Not true in the court of public opinion. When people are paying passing attention, and it takes a sentence to claim something is awful and a paragraph to explain why it’s not, the exciting headline will always win. The most attention-grabbing voices prevail, often people with a professional interest in titillation or political damage. The shock value lingers, while we ignore the explanations and retractions.

The worst part of these hack-and-leaks, though, is that they don’t feel misleading.  Right now you might be thinking, “Okay, maybe hacks are bad, but Wikileaks didn’t make the DNC write those emails. And you’re just deflecting, I might have made some offensive jokes in my emails but I never committed election fraud and rigged a primary.” Right now, I'm not speaking to the content of these particular documents. Sure, leaks like this might uncover actual malfeasance. But in this kind of release there’s no real incentive for most people to separate real from imaginary scandals, and we often lack the knowledge to even do so.

When you look at an email, it feels like you’re looking at the underlying facts. But you’re not, at least in practice. You don’t know who these people are, on any intimate level.  You don’t know their working relationships to each other. You don’t know what shared knowledge informs the conversation but isn’t mentioned in the text. You don’t know the precise meaning of ambiguous terms or shorthand. You don’t know the particulars of how this business normally functions on a daily basis.

So you fill in all of these blanks and more with your own ignorant, probably incorrect assumptions. You never just read an email and reach an objective conclusion from it – you read an email, filter it through a lens of uninformed and likely bullshit guesses about the context, and then form a conclusion.

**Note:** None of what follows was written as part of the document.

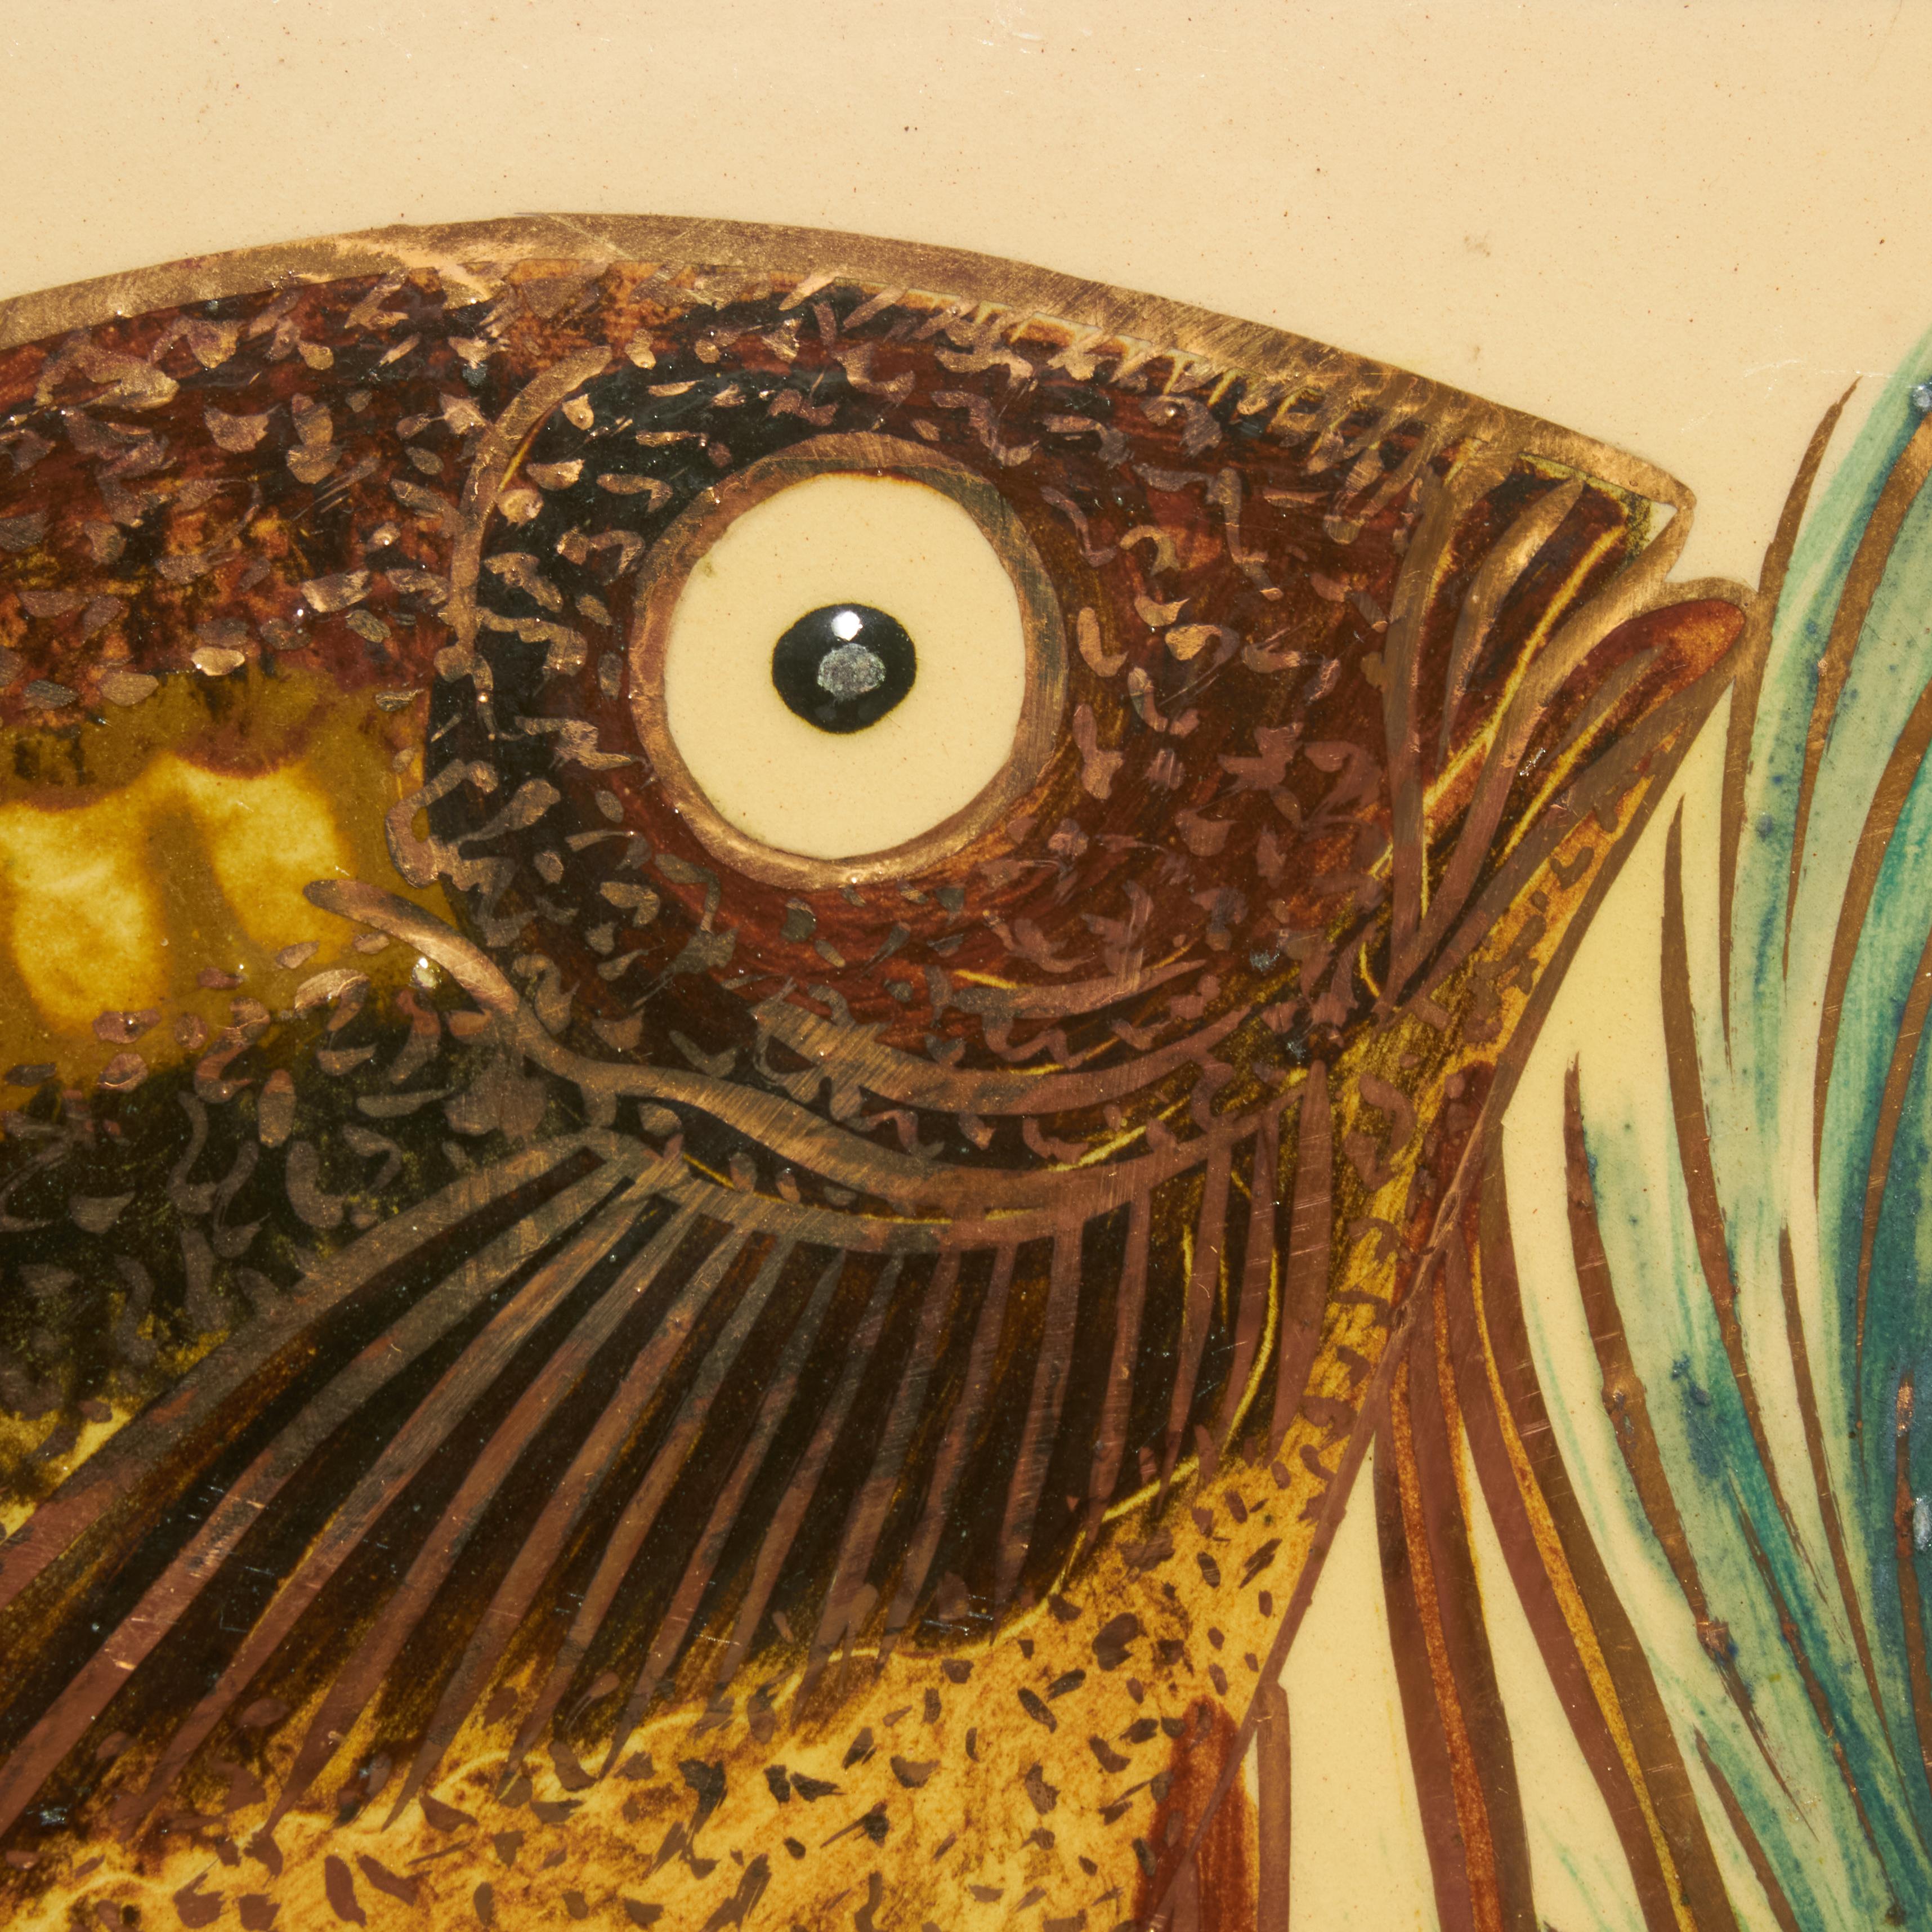 Glazed Vintage 1960 Hand-Painted Ceramic Gold Fish Artwork by Catalan Artist Diaz Costa

And, in this case, there's also the thousands of people with a professional interest in misleading you about what the emails mean, which is particularly easy when you already have an axe to grind.

There is a deep asymmetry when one actor is exposed in this manner while others still have their dirt safely in the basement. The fact that the DNC emails were hacked and released for a deliberate political purpose (at the very least by Julian Assange, if not the Russian government) should be giving give people pause – the goal is for you to be manipulated, so you should be extra cautious about the conclusions you reach. But that’s not how we act. We jump to conclusions and chase sensationalism, fit the information we like into our preexisting biases, and incorporate our initial, uninformed shock into the mental catalog that will forever influence our opinion of the subjects.

This is dangerous and results in a less, not a more informed public, and it should be worrisome for us to see this type of intrusion become a staple of the political process. There has to be a sphere that we’re allowed to keep private, and which can only be invaded in a controlled legal proceeding with proper checks and balances.

Because, at the end of the day, you don’t want to live in a world where all of your dirty laundry belongs to everyone. Consider that as you gleefully rifle through someone else's closet.